I check my car's entire wire harness for any damages or malfunctions according to the service manual. I couldn't find anything. Also i repaired the power distributor which was covered with leaked oil and faulty spark plug wires -- and also put new spark plugs.

Now the car runs very smoothly and no black smoke. But fuel consumption stays same. 5-6KM/L in city.
So i tested the ex-haust gas. When car is idling CO level is 0.45-0.55. However when i accelerate, CO level raised up to 8-9 till 3000RPM and 5-6 CO level beyond 3000RPM.

Any ideas?


----------



## smj999smj (Jan 1, 2006)

You might want to inspect or replace the oxygen sensor and also test the fuel pressure to make sure it's within specs. If it's an electronic controlled carb, then you'll also want to make sure the engine coolant temp sensor is working properly and the engine is warming up to normal operating temperature (you might have a stuck open thermostat causing the engine to run rich).


----------



## adinindu (Dec 6, 2013)

smj999smj said:


> You might want to inspect or replace the oxygen sensor and also test the fuel pressure to make sure it's within specs. If it's an electronic controlled carb, then you'll also want to make sure the engine coolant temp sensor is working properly and the engine is warming up to normal operating temperature (you might have a stuck open thermostat causing the engine to run rich).

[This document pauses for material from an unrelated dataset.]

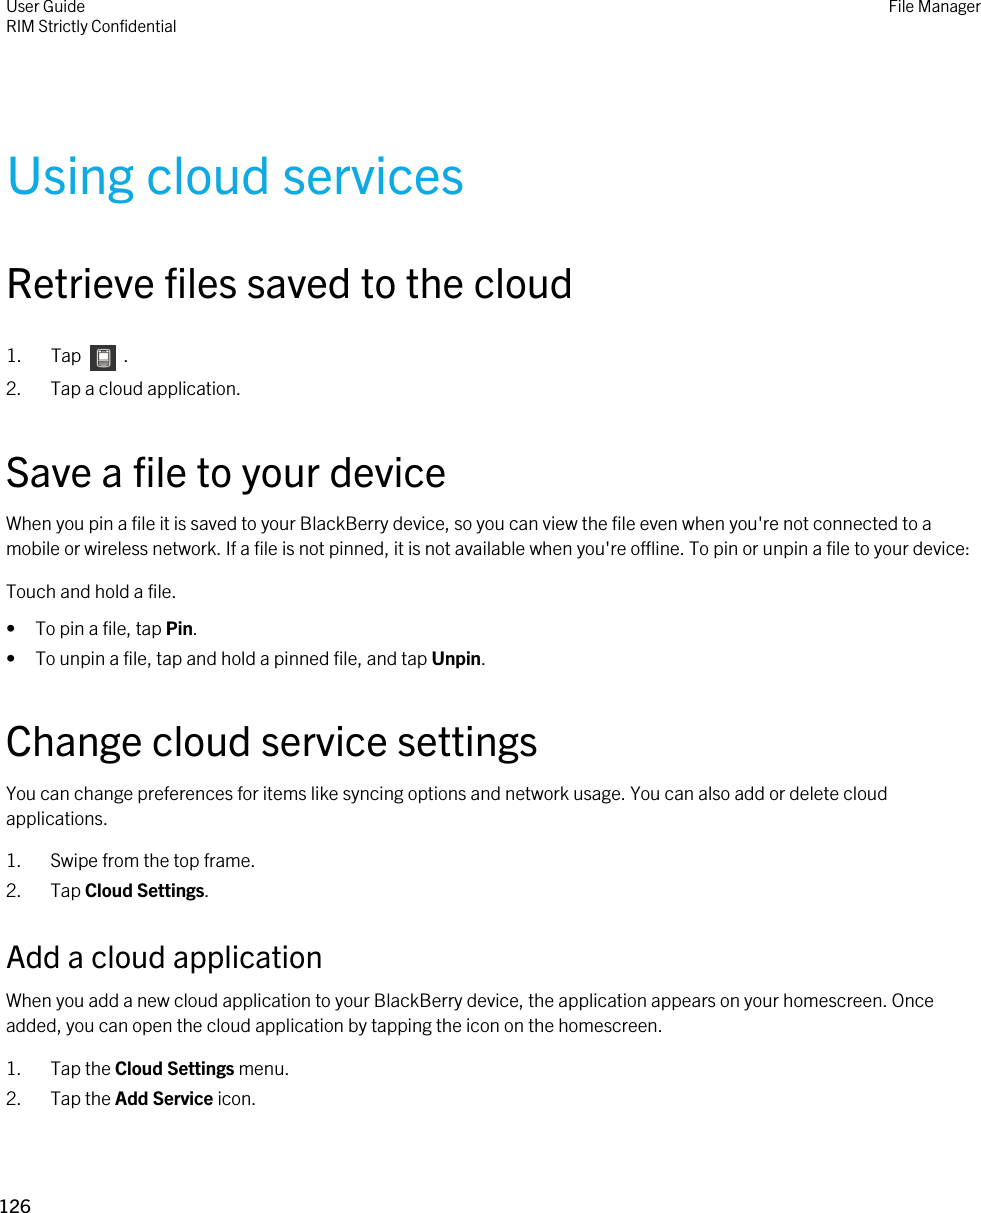 Using cloud servicesRetrieve files saved to the cloud1.  Tap    .2. Tap a cloud application.Save a file to your deviceWhen you pin a file it is saved to your BlackBerry device, so you can view the file even when you&apos;re not connected to a mobile or wireless network. If a file is not pinned, it is not available when you&apos;re offline. To pin or unpin a file to your device:Touch and hold a file.• To pin a file, tap Pin.• To unpin a file, tap and hold a pinned file, and tap Unpin.Change cloud service settingsYou can change preferences for items like syncing options and network usage. You can also add or delete cloud applications.1. Swipe from the top frame.2. Tap Cloud Settings.Add a cloud applicationWhen you add a new cloud application to your BlackBerry device, the application appears on your homescreen. Once added, you can open the cloud application by tapping the icon on the homescreen.1. Tap the Cloud Settings menu.2. Tap the Add Service icon.User GuideRIM Strictly Confidential File Manager126

Yes, Its an electronic controlled carb. I have replaced the oxygen sensor and the thermostat valve as previous owner removed it. Engine is warming up to 40-50% according to temperature gauge. I guess only thing remains here is the coolant temperature sensor and i will post here the results when i tested it. Thank you for the idea...


----------



## Josef Strauss (Feb 25, 2014)

I am from Sri Lanka and have a EFB13 since 3 months. In here its suppose to do 10-12KM/L in city limits and 12-14KM/L outstation. However mine did only 4-5KM/L in city and 7-8KM/L in outstation.


----------



## adinindu (Dec 6, 2013)

Josef Strauss said:


> I am from Sri Lanka and have a EFB13 since 3 months. In here its suppose to do 10-12KM/L in city limits and 12-14KM/L outstation. However mine did only 4-5KM/L in city and 7-8KM/L in outstation.


Hey...Exactly the error mine had. I was able to resore the fuel efficiency by doing folowing.

1. Replaced O2 and Temperature Sensor
2. Corrected connections errors between ECU and the Carb

Check your PM and call me.


----------